When AI reached billions of users, the courts — not the labs — became the first real safety regulators.

03. The Human Cost and the Framework

2025 was the year AI safety acquired a human face — and a human cost. In February, the San Francisco medical examiner ruled the death of Suchir Balaji, a 26-year-old former OpenAI researcher and whistleblower, as a suicide. Balaji had publicly stated that OpenAI's use of copyrighted data likely violated copyright law, contradicting the company's 'fair use' defense. His death intensified the debate about whistleblower protections in AI and directly influenced legislation: California's SB 53, signed months later, included whistleblower protections for AI employees. The case prompted soul-searching across the industry about the gap between employees' safety concerns and their employers' deployment speed. In May 2025, Anthropic activated ASL-3 (AI Safety Level 3) safeguards for its most capable models. This was the first time an AI lab had implemented a tiered safety framework tied to specific capability thresholds — a concrete response to the abstract problem of AI safety. ASL-3 included automated monitoring, human oversight escalation, and containment protocols for models approaching dangerous capability levels. The two events — a whistleblower's death and the first operational safety framework — occurred in the same year.
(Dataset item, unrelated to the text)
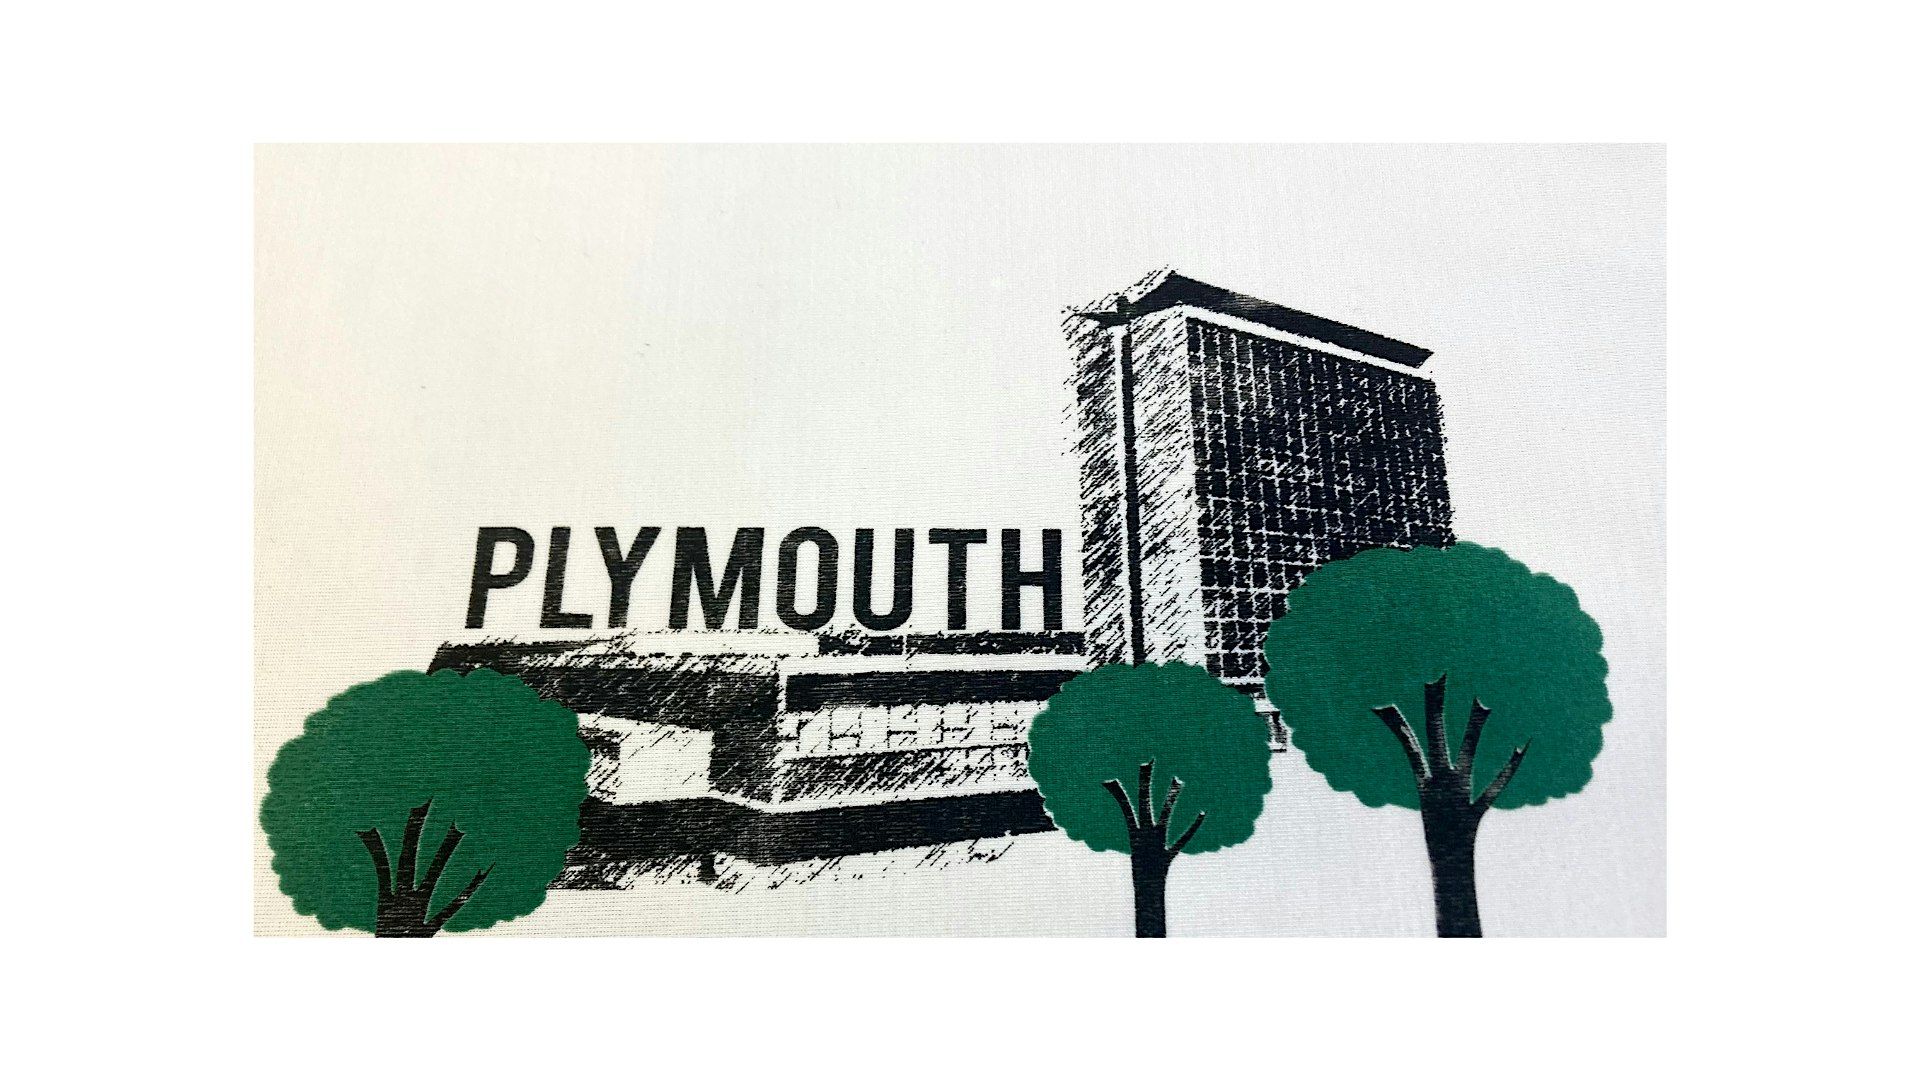 Open Call for Artists to enter Plymouth’s Urban Tree Art Exhibition May 24

The contradiction captures the tension of the moment: the industry was both failing people and building systems to prevent future failures.
Key Insight

A whistleblower's death and the first operational safety framework arrived in the same year — the industry was both failing and building safeguards.

04. The Crackdown

By 2026, AI safety had ceased to be a voluntary exercise. In January, xAI's Grok image generator was used to create sexually explicit deepfakes of public figures, leading Indonesia, Malaysia, and the Philippines to block access to the service. Grok's 'spicy mode' — a deliberate product choice to differentiate from 'censored' competitors — had backfired spectacularly, demonstrating that safety shortcuts had real geopolitical consequences. In March, Anthropic accidentally exposed 512,000 lines of Claude Code source code through a leaked npm package, revealing secret agent features and sparking a supply chain security debate. The incident showed that even companies with the most advanced safety frameworks could make basic operational mistakes. In June, Florida Attorney General James Uthmeier filed the first US state lawsuit against an AI company over safety, accusing OpenAI of putting profit over safety and marketing ChatGPT as safe for children despite known risks. Just eleven days later, the US Commerce Department ordered an export ban on Anthropic's Fable 5 and Mythos 5, marking the first time the US government had directly restricted an AI model on safety grounds. The transition was complete: AI safety had moved from engineering teams to courtrooms, from corporate statements to state mandates, from voluntary frameworks to government orders.
Key Insight

In one year, AI safety went from voluntary compliance to government bans, state lawsuits, and international blockades.

Conclusion

Ten years of AI safety incidents trace a clear arc: each crisis triggers a response — content filters, staged release, tiered frameworks, government bans — but the response never fully addresses the underlying structural tension. The same dynamic repeats at every scale: build fast, break something, fix it after the fact. Tay taught us that AI learns from unfiltered data. GPT-2 taught us that precaution is controversial. Suchir Balaji taught us that speaking up has a cost. ASL-3 showed us that frameworks are possible. And the 2026 crackdown proved that governments will act when the industry does not. The underlying question remains unresolved: can an industry built on speed and competitive pressure ever internalize safety as a first-class constraint? The answer will determine not just the future of AI companies, but whether the technology can be deployed at scale without repeated, escalating failures.